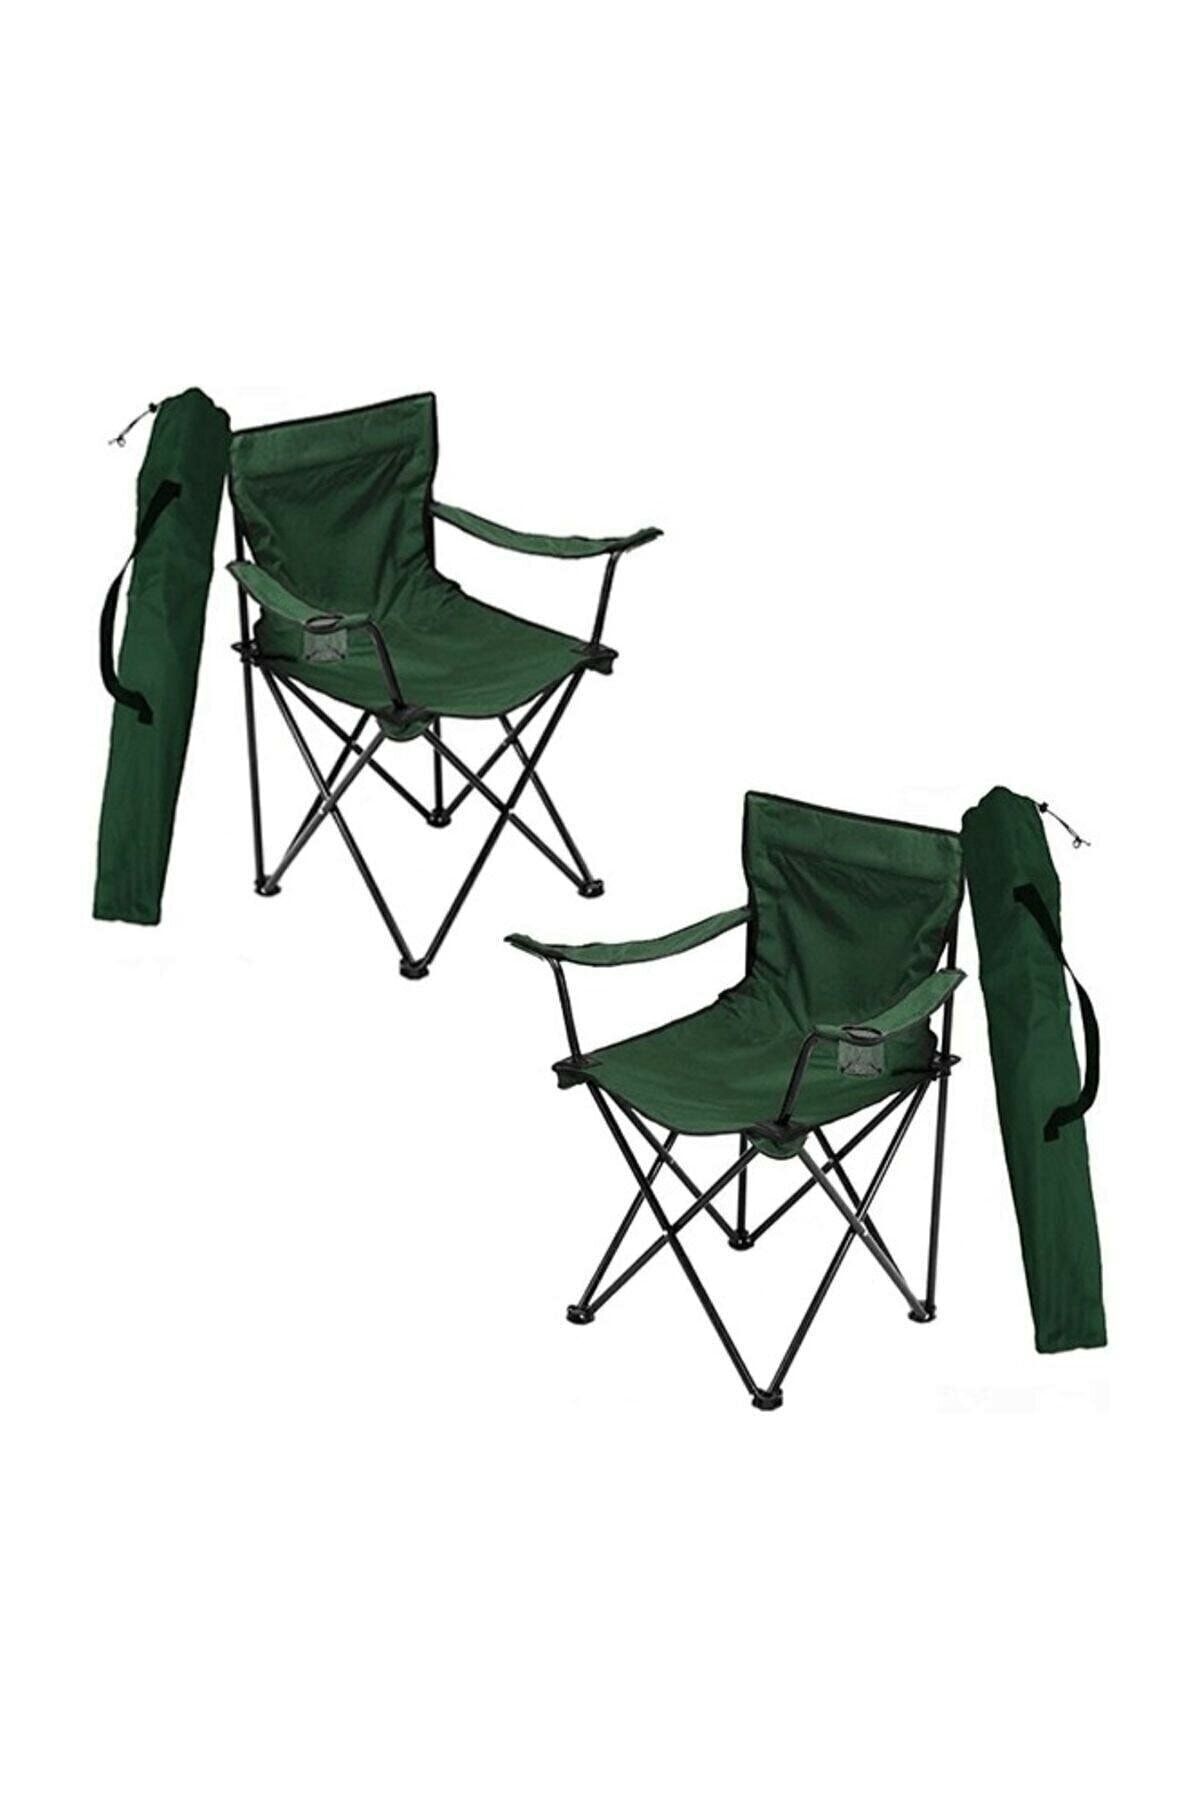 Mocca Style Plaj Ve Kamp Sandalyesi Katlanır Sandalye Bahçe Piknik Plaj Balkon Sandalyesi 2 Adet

---

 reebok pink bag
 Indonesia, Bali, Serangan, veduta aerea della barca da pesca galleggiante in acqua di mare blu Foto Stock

...

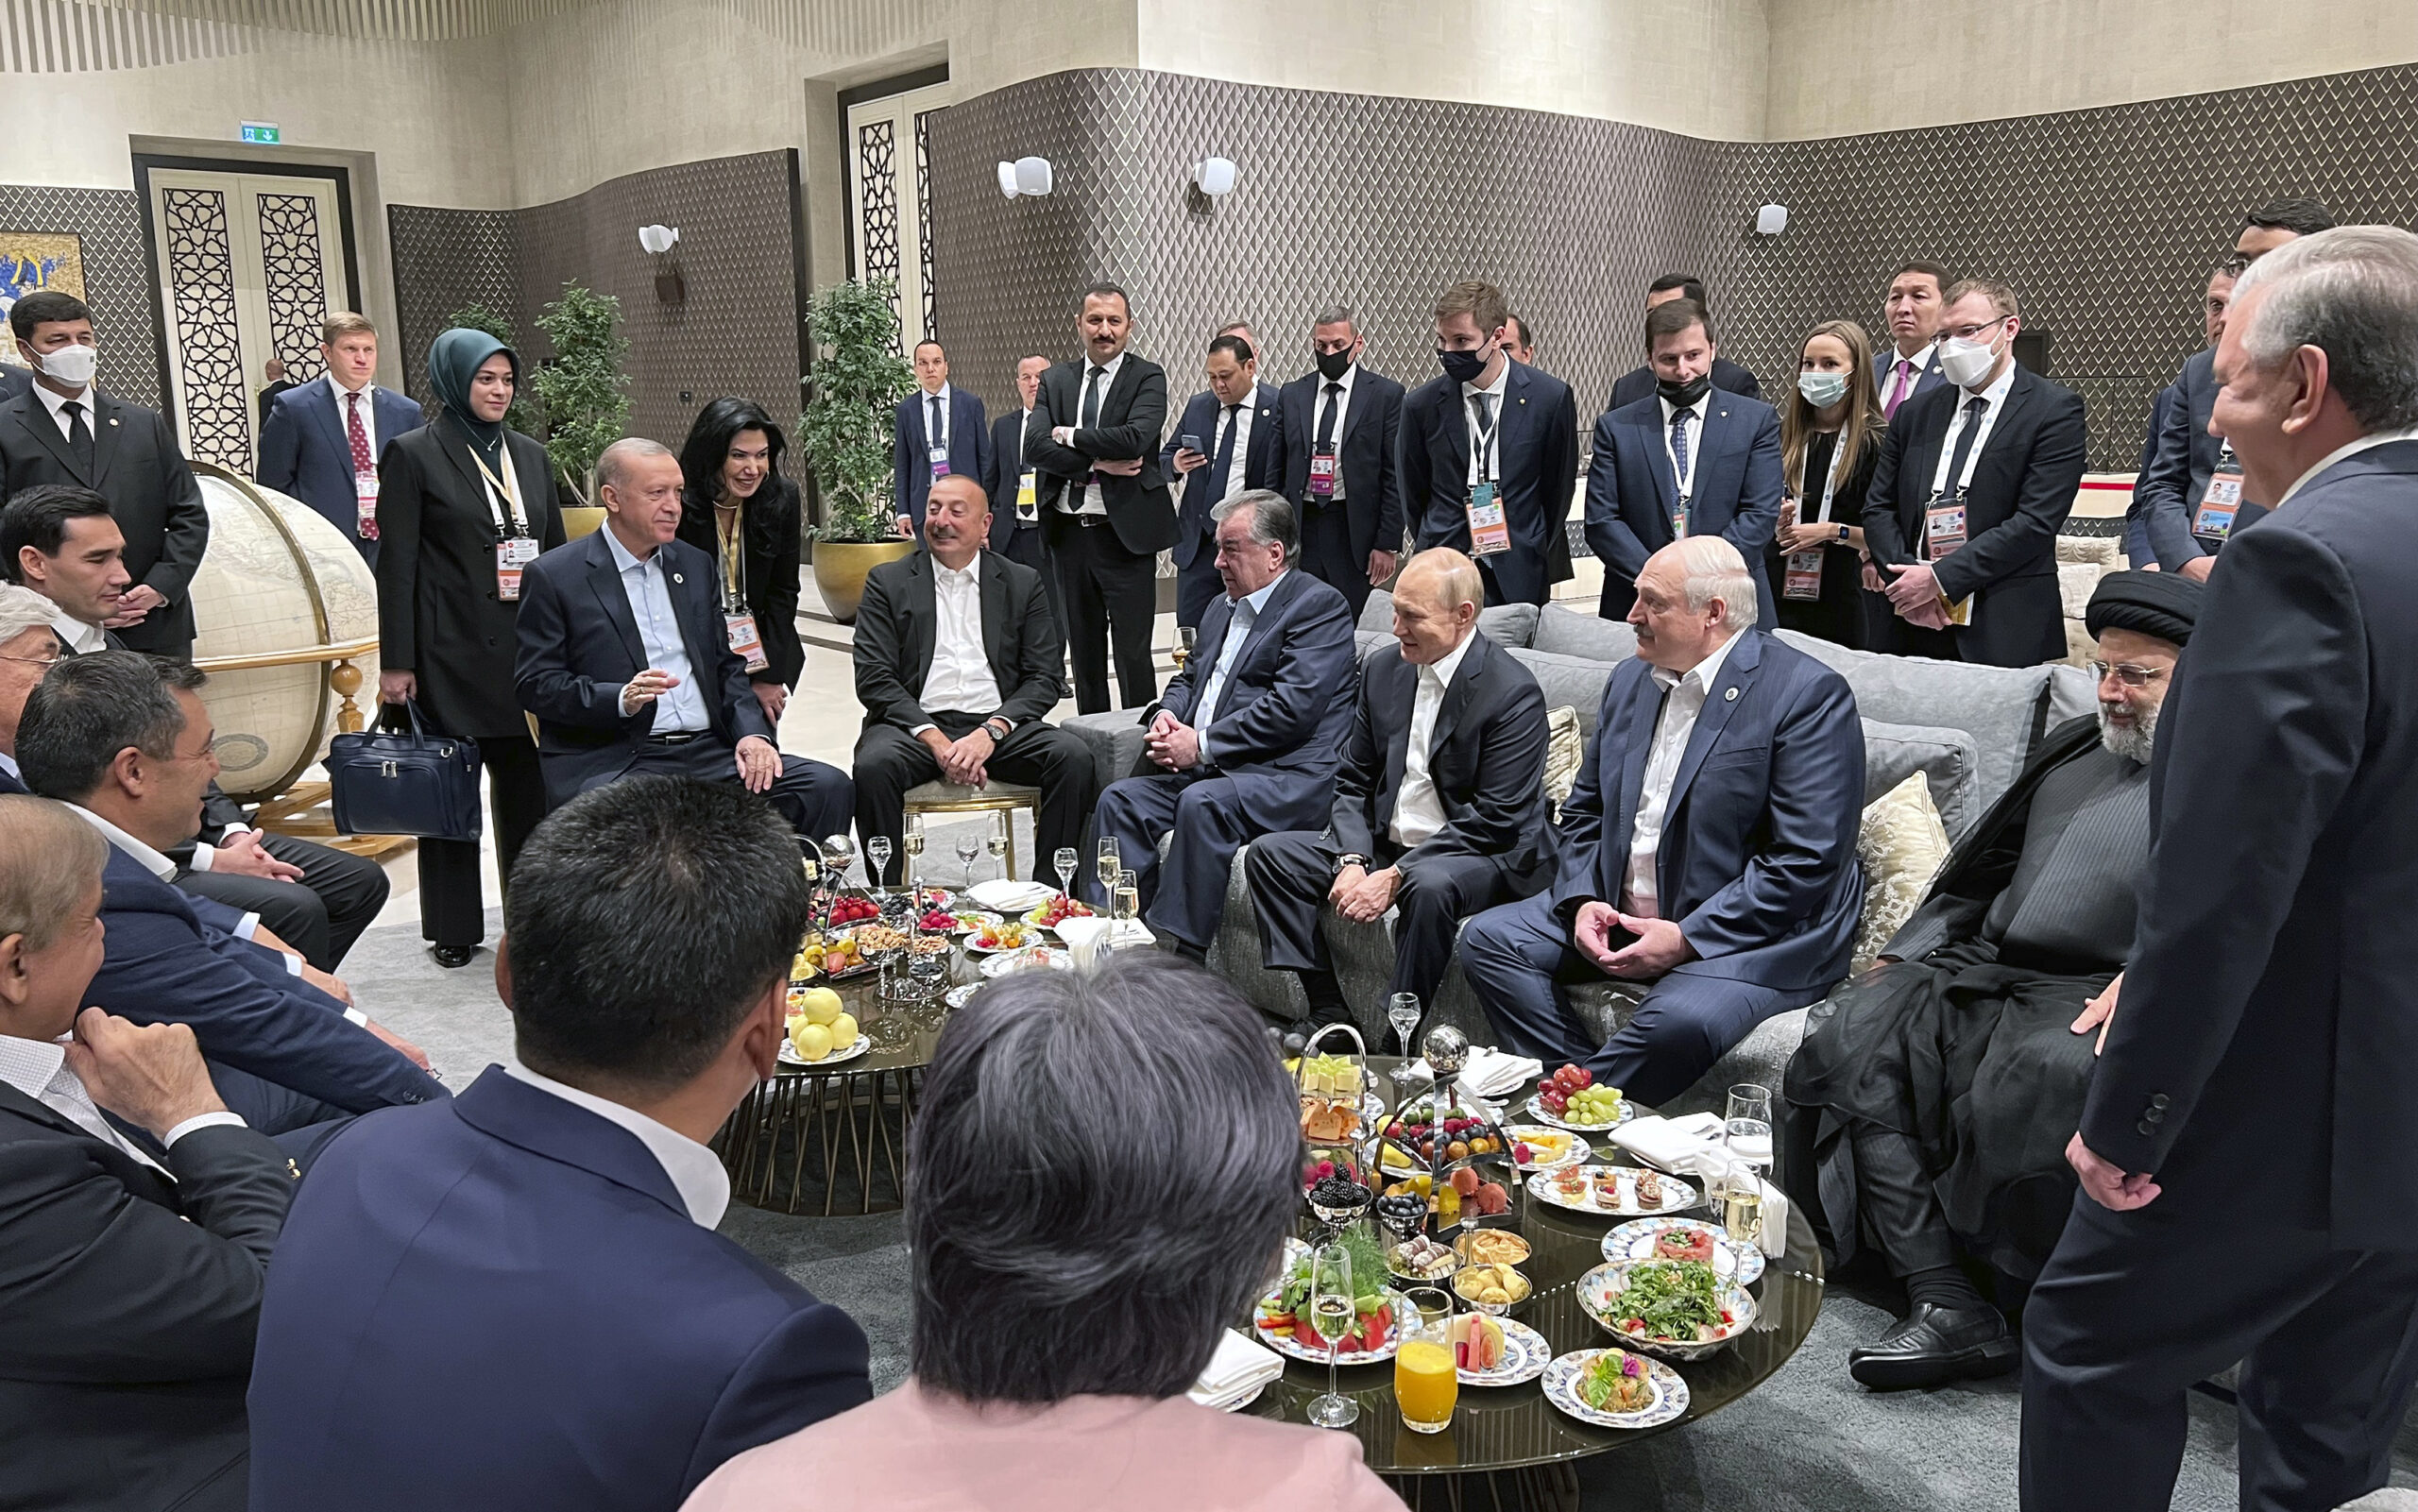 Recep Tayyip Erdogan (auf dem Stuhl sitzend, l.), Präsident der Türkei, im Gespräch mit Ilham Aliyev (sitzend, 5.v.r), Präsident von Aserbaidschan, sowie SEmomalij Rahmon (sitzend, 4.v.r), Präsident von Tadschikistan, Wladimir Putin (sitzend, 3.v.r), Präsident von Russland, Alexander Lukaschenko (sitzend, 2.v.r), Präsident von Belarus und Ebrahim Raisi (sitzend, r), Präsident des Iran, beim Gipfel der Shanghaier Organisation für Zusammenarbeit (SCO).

What this task involves — The lines to extract from the data above begin with the line containing "reebok pink bag" and end with the line containing "Indonesia, Bali, Serangan, veduta". Extract them exactly, including both.

Solution for this exercise —
 reebok pink bag
 Indonesia, Bali, Serangan, veduta aerea della barca da pesca galleggiante in acqua di mare blu Foto Stock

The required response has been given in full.